Aún no se había puesto el sol cuando Ilihiak fue a saludar a Akmaro. Fue una alborozada reunión; no se veían desde hacía tiempo, y ambos se quedaron hasta la noche contándose anécdotas de sus vidas. En los siguientes días mucha gente de la tierra de Khideo viajó a Darakemba para saludar a viejos amigos y parientes que habían abandonado Zinom para seguir a Akmaro al desierto.

Y no fue la última reconciliación. Motiak convocó con una proclama a la gente de Darakemba para que se reuniera en el gran espacio abierto de la ribera del río. Allí ordenó a sus escribas que leyeran la historia de los zenifi, y luego la historia de los akmari, y toda la gente se maravilló que el Guardián hubiera intervenido para rescatarlos. Los hijos de Pabulog se adelantaron y pidieron a Akmaro que los llevara a las aguas. Esta vez, cuando emergieron, rechazaron explícitamente su vieja identidad.

—Ya no somos pabulogi —dijo Pabul, y sus hermanos repitieron estas palabras—. Ahora somos nafari, y nuestro único padre es el Guardián de la Tierra. Pediremos a Akmaro y Motiak que sean nuestros protopadres, pues no reclamamos más herencia que la del ciudadano más sencillo de Darakemba.

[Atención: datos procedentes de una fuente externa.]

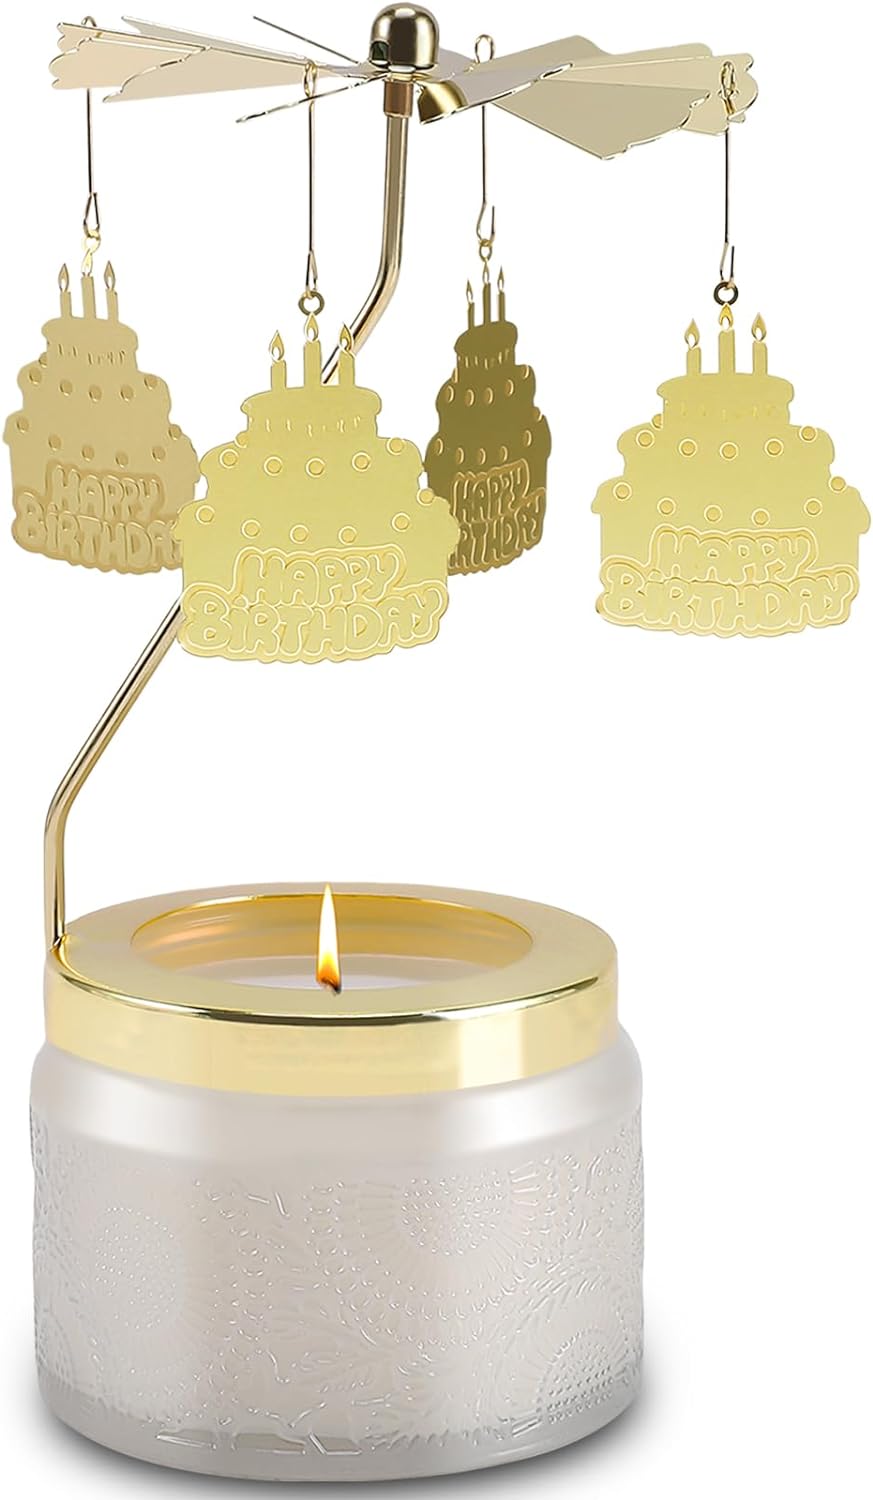 Gifts for Women | Birthday Gifts Rotatable Candle - Vanilla Cream Scented Candles for Home, Birthday Gifts for Women, Unique Birthday Gift for Her, Girls, Best Friends

Hasta aquel momento, la gente de Darakemba se congregaba como siempre lo había hecho: los descendientes de los darakembi originales a la izquierda del rey, y los descendientes de los nafari originales a la derecha del rey. Y estos grupos se subdividían en otros, pues los nafari todavía recordaban quiénes eran issibi, quiénes oykibi, quiénes yasoi y quiénes zdorabi. Y en ambos grupos, la gente del cielo y la gente media se reunían en clanes separados; al fondo quedaban los pocos cavadores que eran ciudadanos libres.

Cuando concluyó la lectura de las historias, Motiak se puso de pie y dijo:

—Nadie puede poner en duda que la mano del Guardián se ha manifestado en las cosas que hemos visto y oído. En los últimos días he pasado cada hora de vigilia en compañía de Akmaro y Chebeya, dos grandes maestros que el Guardián nos ha enviado para enseñarnos a ser dignos custodios de la tierra que nos ha dado. Ahora él hablará con vosotros, con mayor autoridad que cualquier rey.

La gente murmuró al oír esto. Luego escuchó las palabras de Akmaro, que se movía de grupo en grupo; otros hombres y mujeres akmari también iban de grupo en grupo predicando una parte del mensaje que el Guardián había enviado por boca de Binaro, tantos años antes. El mensaje por el cual Binaro había muerto. No todos creían todo lo que les decían, y algunas ideas les resultaban desconcertantes, pues Akmaro decía que cavadores, ángeles y humanos eran hermanos. Pero nadie se atrevía a plantear objeciones, pues él contaba con la amistad del rey, y muchos otros, tal vez la mayoría, sobre todo los pobres, creían de todo corazón en lo que él decía.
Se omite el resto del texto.